Please reproduce the data exactly, excluding any pictures it contains.

Data excerpt:

※ ※ ※

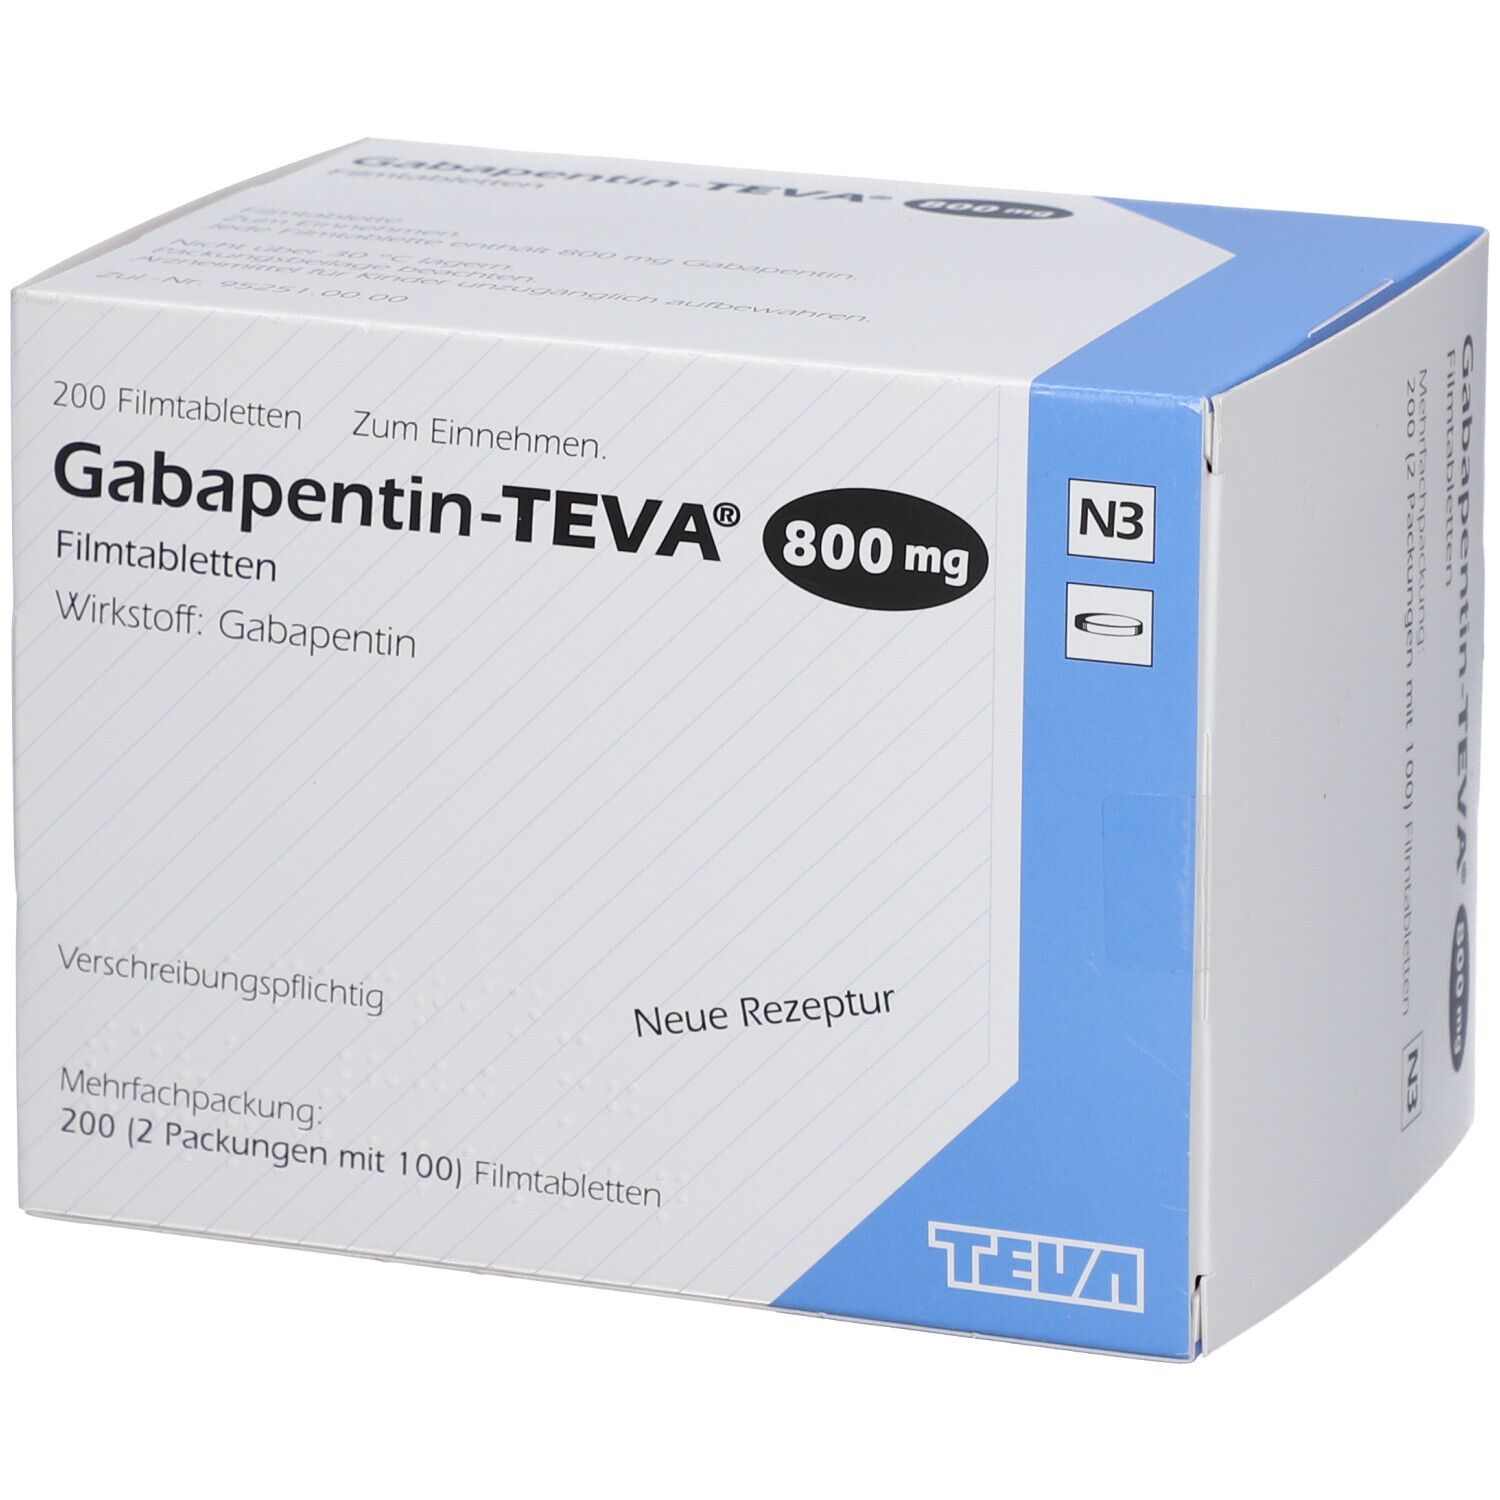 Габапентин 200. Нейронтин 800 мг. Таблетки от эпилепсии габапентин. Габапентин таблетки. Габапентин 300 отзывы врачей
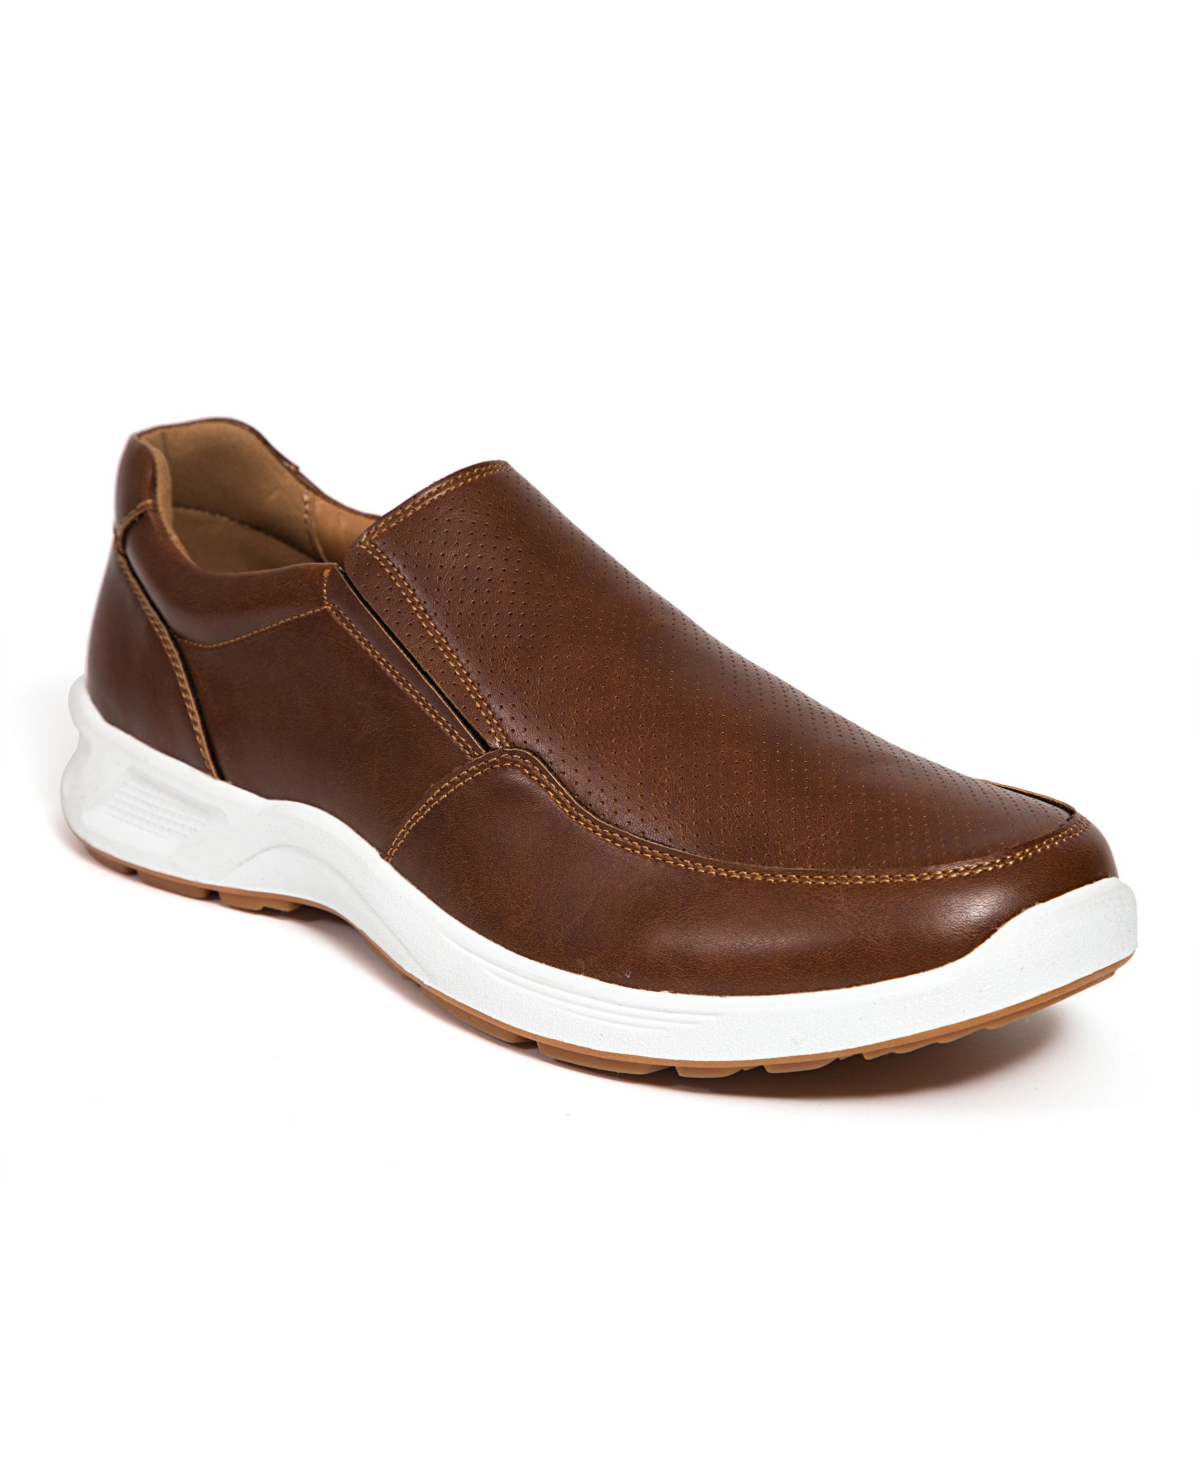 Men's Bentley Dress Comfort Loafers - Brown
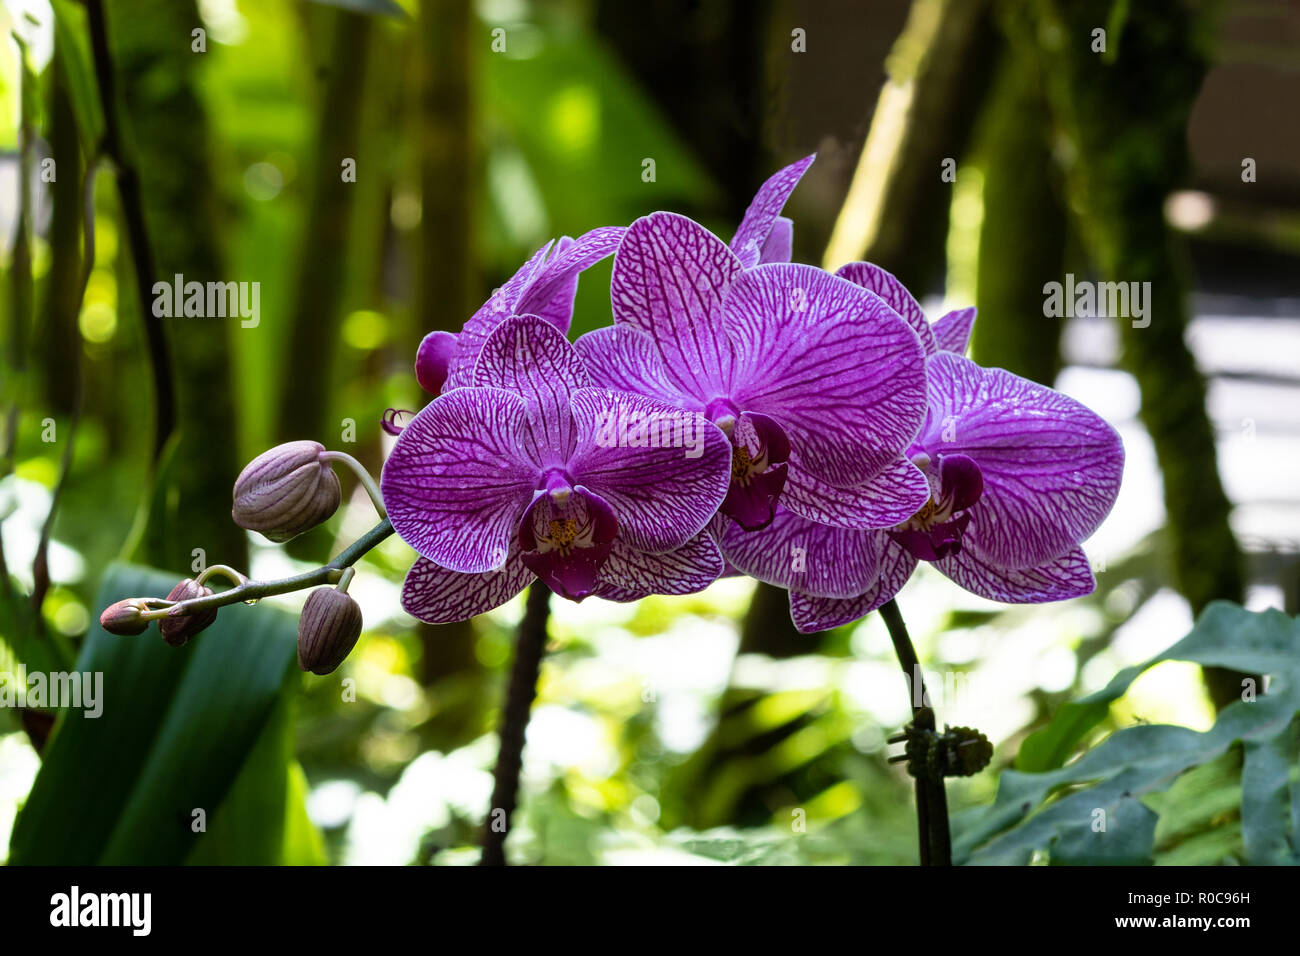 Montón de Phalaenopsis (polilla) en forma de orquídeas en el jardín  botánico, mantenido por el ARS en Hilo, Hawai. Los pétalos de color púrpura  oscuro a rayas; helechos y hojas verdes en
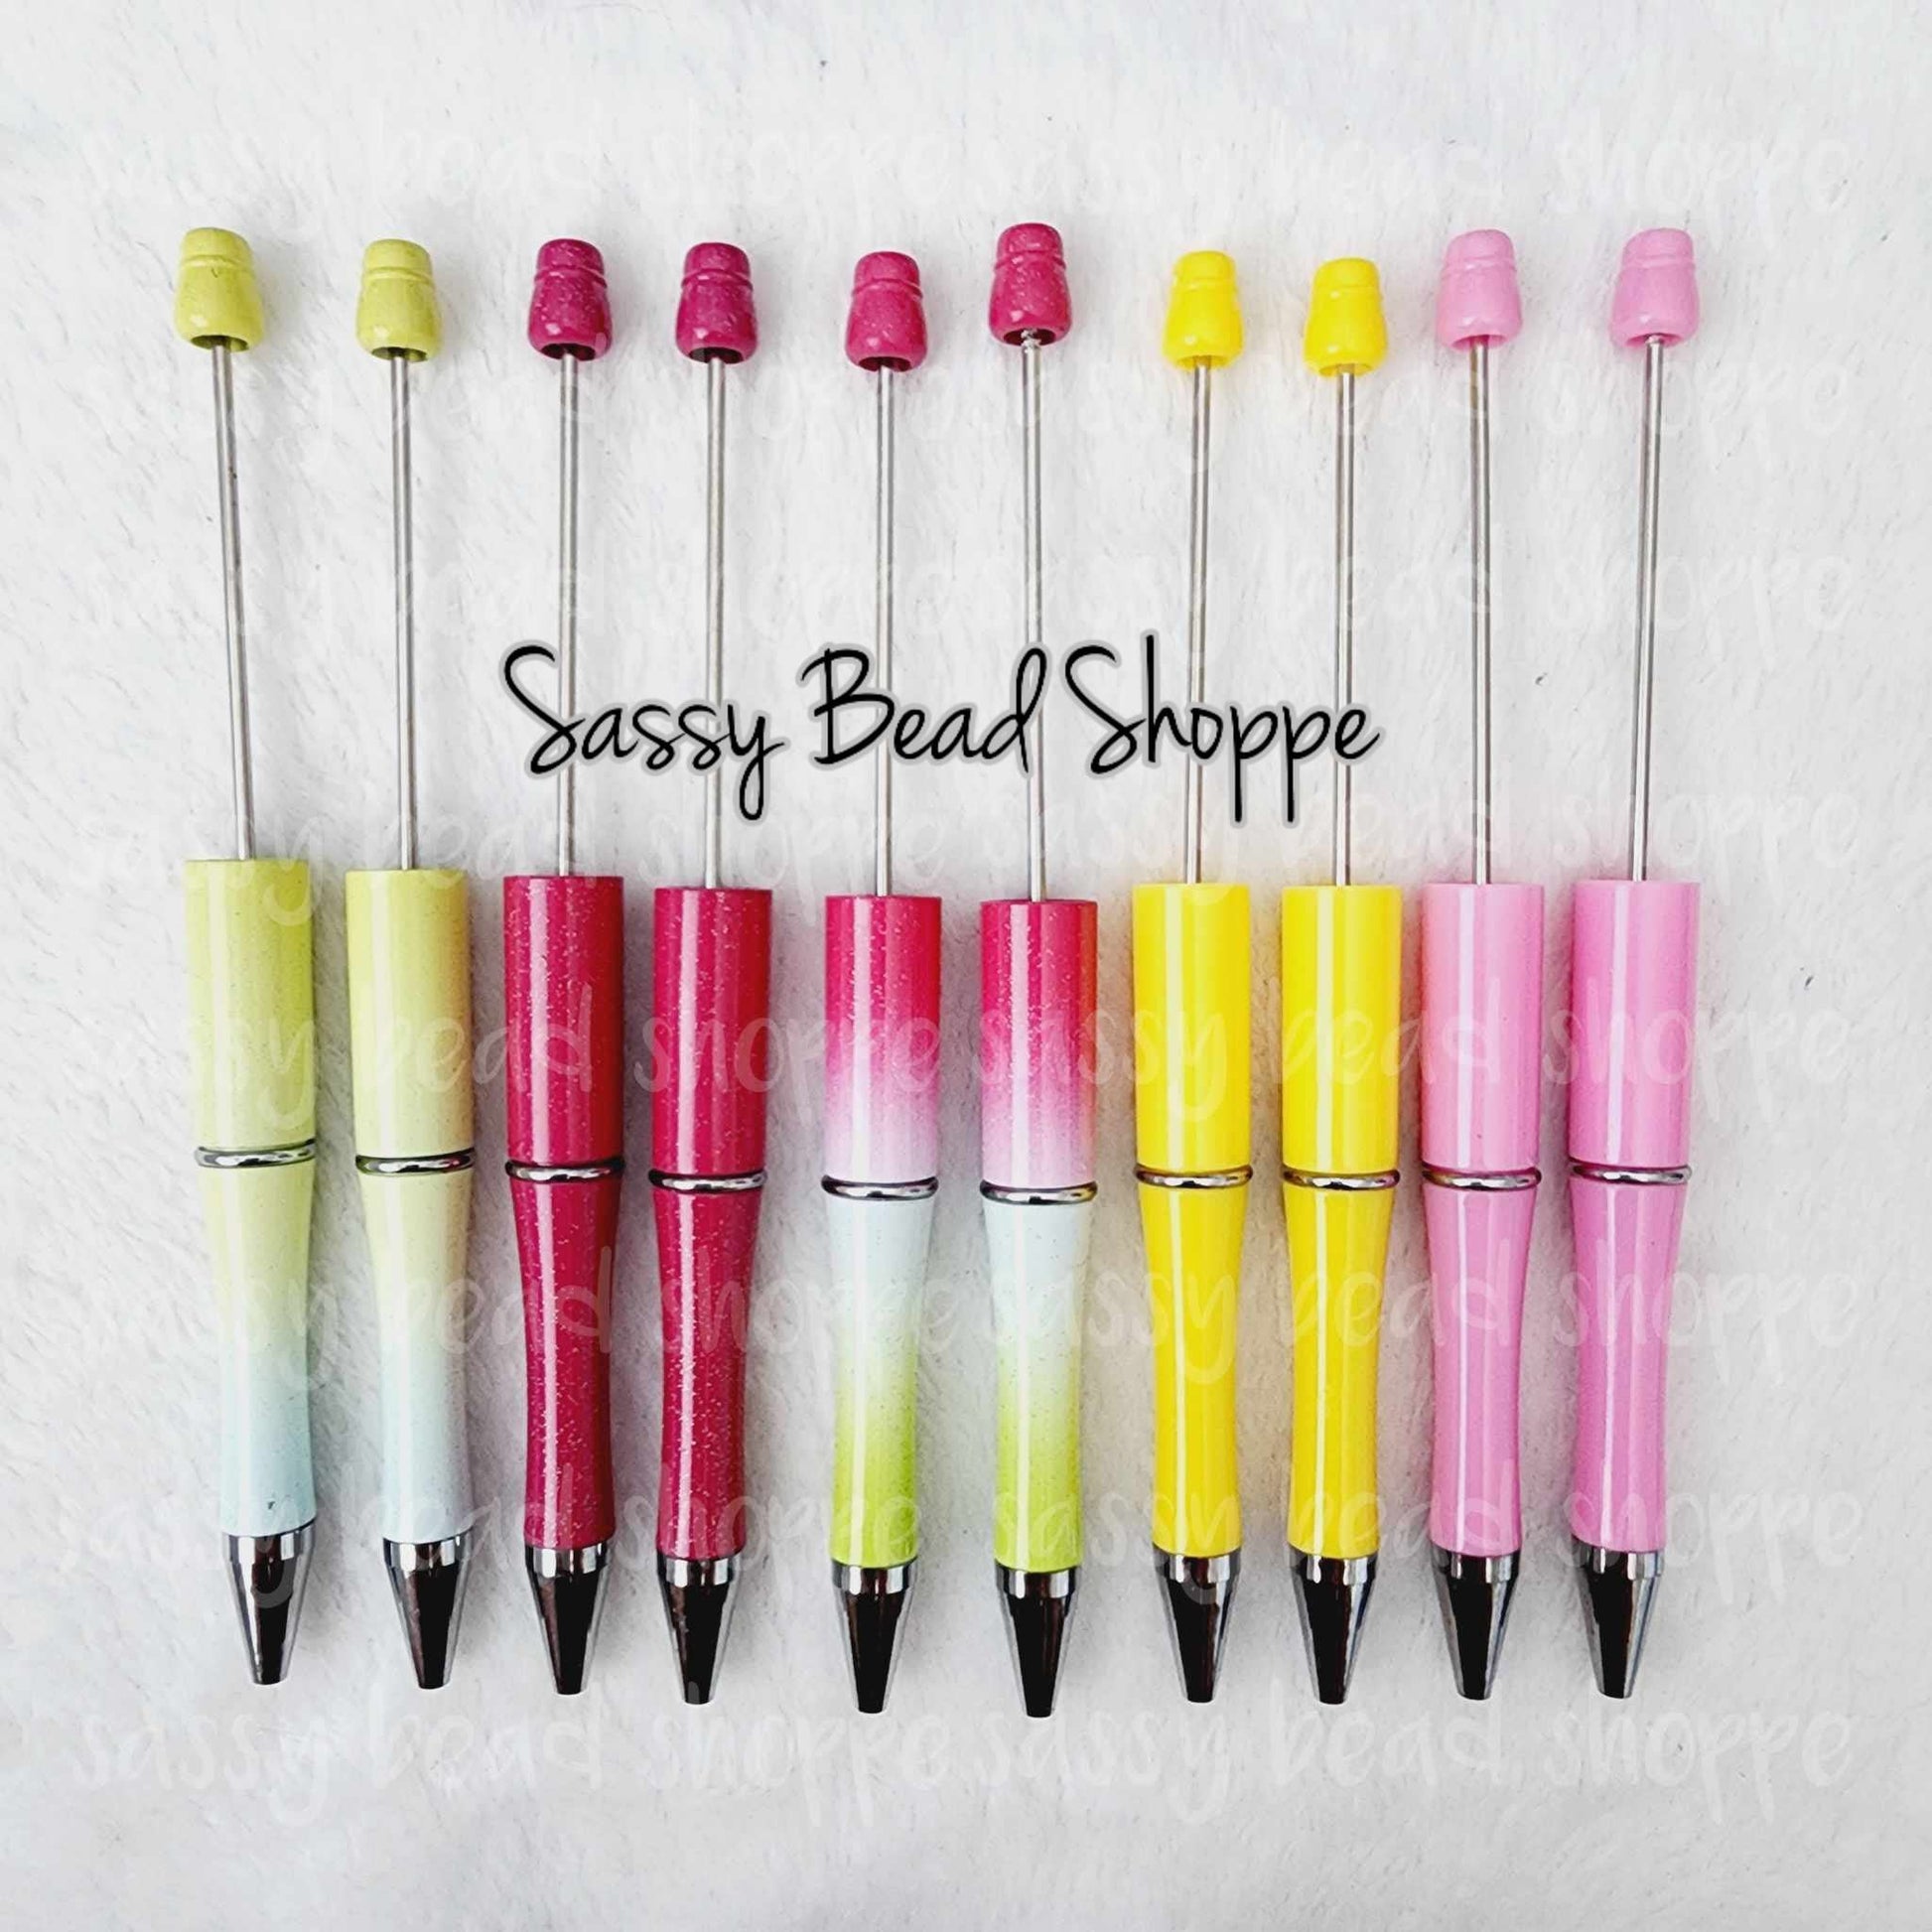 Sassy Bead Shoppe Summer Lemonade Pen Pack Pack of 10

※ ※ ※

Response:
 Габапентин 200. Нейронтин 800 мг. Таблетки от эпилепсии габапентин. Габапентин таблетки. Габапентин 300 отзывы врачей
 Men's Bentley Dress Comfort Loafers - Brown
 Montón de Phalaenopsis (polilla) en forma de orquídeas en el jardín  botánico, mantenido por el ARS en Hilo, Hawai. Los pétalos de color púrpura  oscuro a rayas; helechos y hojas verdes en
 Sassy Bead Shoppe Summer Lemonade Pen Pack Pack of 10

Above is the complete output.